Every decade since the invention of motion pictures has seen advances in the technology behind them. In the case of the Seventies, one of those advances was in computer graphics imagery or, more simply CGI. CGI first appeared in Westworld. It would also play a role in that movie's sequel, Futureworld and, more significantly, Star Wars Episode IV: A New Hope. In 1982 Tron would make the first significant use of computer animation (although it is less than many have supposed). As the decade passed, CGI advanced. Pixar would create the first character generated by CGI in Young Sherlock Holmes, released in 1985. The Abyss, released in 1989, featured the first photorealstic CGI in the form of the water creature.

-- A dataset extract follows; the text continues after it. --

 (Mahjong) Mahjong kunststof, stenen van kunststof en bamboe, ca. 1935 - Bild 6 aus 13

By the Nineties several major motion pictures included significant use of CGI and to a degree computer graphics imagery even became commonplace. Indeed, 1995 would mark the release of the first completely computer animated feature--Pixar's Toy Story. It was only a matter of time before live action movies would be made in which the sets were entirely generated on a computer. The age of the digital backlot or virtual backlot had at last arrived.

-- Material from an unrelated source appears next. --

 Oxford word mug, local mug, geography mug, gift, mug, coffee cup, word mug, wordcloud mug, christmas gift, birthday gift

Quite simply, the term "digital backlot" describes productions in which the shooting occurs entirely against a greenscreen or other blank background, with the "sets" later added through CGI. It is difficult to say what was the first film shot on a digital backlot actually was, as three such movies were all released in 2004. The first to be released was Immortel (Ad Vitam), a French film based on the comic books La Foire aux immortels and La Femme piege. It debuted at the Brussels International Festival of Fantasy Films on March 13, 2004. The second was the Japanese film Casshern, which was based on an earlier anime of the same name. It was premiered on April 24, 2004. The third film to be shot on a digital backlot was Sky Captain and the World of Tomorrow. It was released on September 24, 2004. Of course, which film was released first does not solve the problem of determining which was shot first or, worse yet, who came up with the idea first. That having been said, that honour should perhaps go to Sky Captain and the World of Tomorrow--director Kerry Conran had set to work on making his own film. The concept Conran developed would become Sky Captain and the World of Tomorrow.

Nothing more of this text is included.